Allergen immunotherapy with Carya Illinoinensis Pollen is a long-term commitment and does not provide immediate relief. Most patients do not notice a significant reduction in their allergy symptoms during the 'build-up' phase, which usually lasts three to six months. Improvement typically becomes noticeable during the first year of reaching the maintenance dose. For the best and most lasting results, the treatment is usually continued for three to five years. This duration allows the immune system to fundamentally change its response to the pollen.
Yes, you can stop taking Carya Illinoinensis Pollen injections at any time without experiencing physical withdrawal symptoms. Unlike some medications, these extracts do not cause chemical dependency. However, if you stop the treatment before completing the recommended three-to-five-year course, your allergy symptoms are likely to return over time. The 'tolerance' built up by the immune system may not be permanent if the treatment is cut short. If you are considering stopping your shots, you should discuss your reasons with your allergist first.
If you miss a dose, you should contact your allergist's office to reschedule as soon as possible. The protocol for a missed dose depends on how long it has been since your last injection and whether you are in the build-up or maintenance phase. If only a few days have passed, you may be able to continue with your scheduled dose. However, if several weeks have passed, your doctor will likely need to reduce your dose for safety reasons before gradually increasing it again. Never try to 'double up' on doses to make up for a missed one.
There is no clinical evidence to suggest that Carya Illinoinensis Pollen extracts cause weight gain. The extract consists of proteins and naturally occurring substances that are administered in very small quantities subcutaneously. It does not contain hormones, steroids, or calories that would affect your metabolic rate or appetite. If you experience weight changes while on immunotherapy, they are likely due to other factors such as lifestyle changes or other medications you may be taking. Always discuss unexplained weight changes with your primary care physician.

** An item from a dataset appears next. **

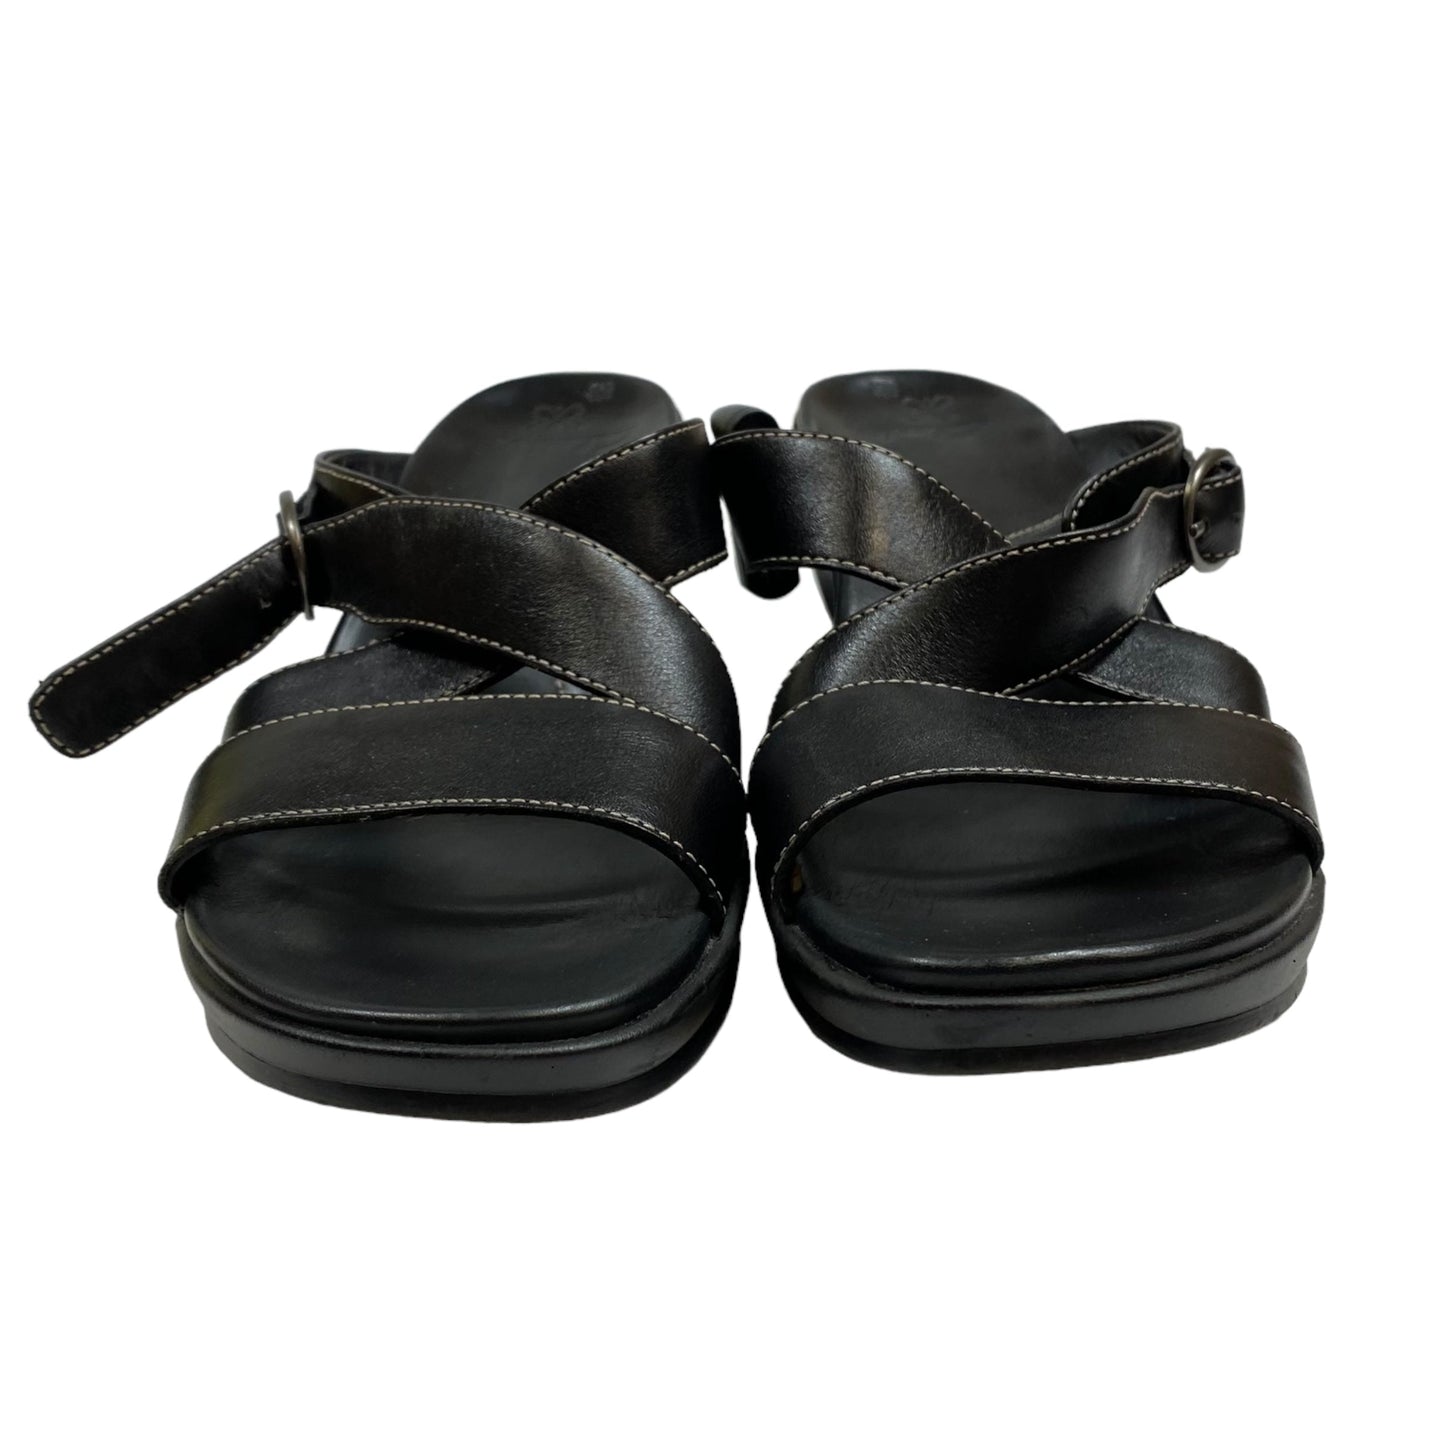 Sandals Heels Stiletto By Clarks  Size: 9

Carya Illinoinensis Pollen can be taken alongside most common medications, but there are important exceptions. You must tell your doctor if you are taking beta-blockers, which are often prescribed for heart conditions or high blood pressure, as they can make it dangerous to treat an allergic reaction. ACE inhibitors and MAO inhibitors also require special consideration. Most allergy medications, like antihistamines and nasal steroids, are perfectly fine to use and may even be recommended to manage symptoms during the build-up phase. Always provide your allergist with a complete list of your current medications.
Allergenic extracts like Carya Illinoinensis Pollen are biological products rather than simple drugs, so the term 'generic' does not apply in the traditional sense. However, several different manufacturers produce pecan pollen extracts. While they all contain the same basic allergens from the *Carya illinoinensis* tree, they are 'non-standardized,' meaning the exact potency can vary between manufacturers. Because of this, allergists generally do not switch between different brands of extract once a patient has started treatment unless they carefully adjust the dose to ensure safety.